Accelerated urban development and agricultural intensification has brought social and economic benefits, but our ecosystems have paid the price. Groundwater systems that constitute the predominant reserves of freshwater on Earth are threatened by contaminants and pollution, the effects of hydraulic fracking, and a lack of effective management strategies. Many of the world's aquifers face degradation and imminent depletion. While better water conservation and pollutant monitoring can help control the issue, now sources of freshwater-such as seawater desalination-will also assist in alleviating current and projected water stress.
Based on current statistics, only 1 percent of the global population receives water from desalination. However, the United Nations expects 14 percent of the global population to receive water from desalination by 2025. The desalination of water has been practiced for years, but until recent years high economic and energy costs have made it a largely prohibitive solution. Now, with new technological advances and greater freshwater scarcity fueling demand, it's likely that the process of nuclear desalination will play an increasingly important role coming into the future.

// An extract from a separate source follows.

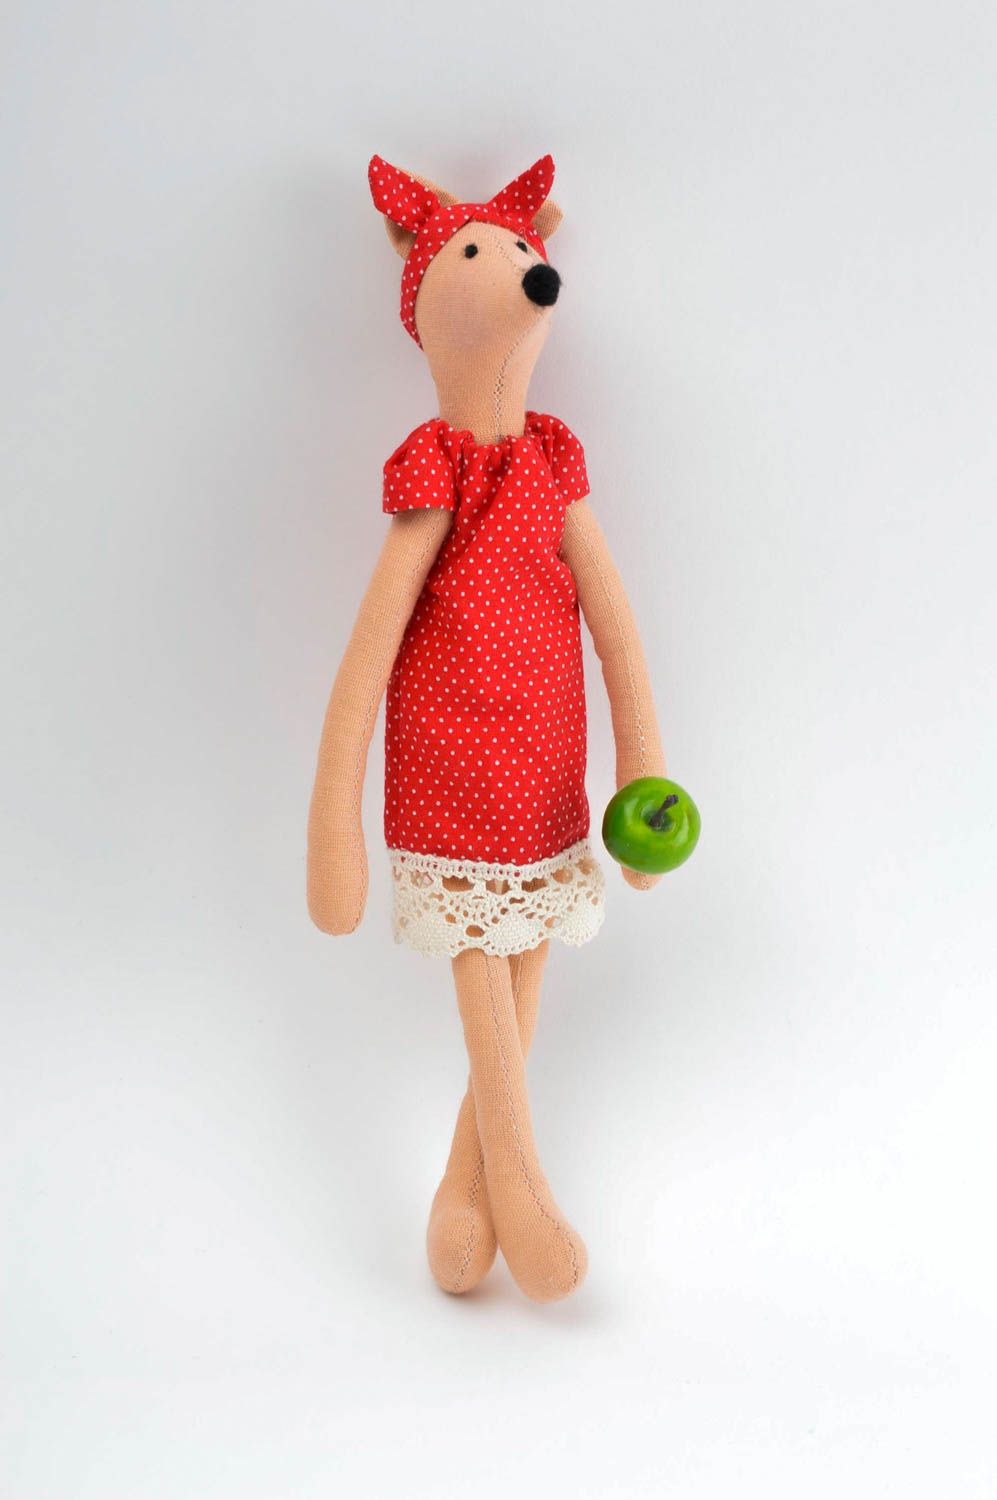 Игрушка лиса ручной работы детская игрушка для девочек мягкая игрушка красивая фото 2

On paper, desalination sounds straightforward-essentially there are two main methods through which the process is completed. In a membrane desalination process, saltwater is pumped through pipes and then through specially designed membranes that allow the water molecules to pass through but trap the bigger salt molecules. There are several kinds of membrane desalination processes with the most common type using reverse osmosis to filter out the salt. In a thermal process, the saltwater is boiled and the vapor condenses as freshwater.
Unfortunately, the desalination process is not necessarily a "clean" one. According to Direct Energy, it is still almost always cheaper to use local freshwater than to desalinate seawater. And desalination, as with nearly all industrial processes, typically sources its energy from dirty carbon-based resources. Nuclear power therefore offers an appealing solution-in terms of availability and reliability it is competitive with fossil fuels, and meets all the essential requirements in order to feed a desalination plant. Because nuclear energy seawater desalination creates minimal environmental pollution and greenhouse gas emissions, it holds tremendous potential for the future production of freshwater.
Today, California is in the midst of a persistent, worsening drought. Groundwater is a vital resource in a time of drought, but it takes decades or even centuries for the aquifer to replenish itself. People in California have usually depended on groundwater for 40 percent of their water supply; since the drought, however, that number has jumped to over 60 percent. The state of California has already implemented conservation measures, but with the aquifers depleted and groundwater disappearing, the land itself has begun to collapse. A NASA scientist says in a report released Wednesday, Aug. 19, 2015, that parts of California's Central Valley are sinking faster than ever as groundwater is removed at unprecedented and unsustainable rates.
The only power facility in California that is not dependent upon the state's precious water resources is the Diablo Canyon Nuclear Power Plant in San Luis Obispo County. Desalinating ocean water using reverse osmosis and ultrafiltration, the plant sells back fresh water to the local community. Paying $3.34 for every thousand gallons, their rates are comparable to what the San Diego County currently pays for water.
Many other countries worldwide-South Korea, Pakistan, Japan, China, and Argentina-also have nuclear power plants that desalinate seawater. In Russia, the only large nuclear facility with a water desalination facility was located in Aktau in the former Soviet Union, now Kazakhstan. At one time it delivered over 100,000 cubic metres of fresh water per day, but it was shut down in April 1999 and is now being decommissioned. More recently, however, the country announced its plans to work with foreign partners to both finance and construct a new nuclear plant with a desalination facility. The new plant hopes to provide 170,000 cubic metres of fresh water a day from one nuclear power unit.
Nuclear desalination is not a new technology, and desalination methods date back millennia. Furthermore, the need for water and sources of water is only going to increase. We need desalination plants that don't run on fossil fuels, and nuclear desalination plants fit the bill perfectly.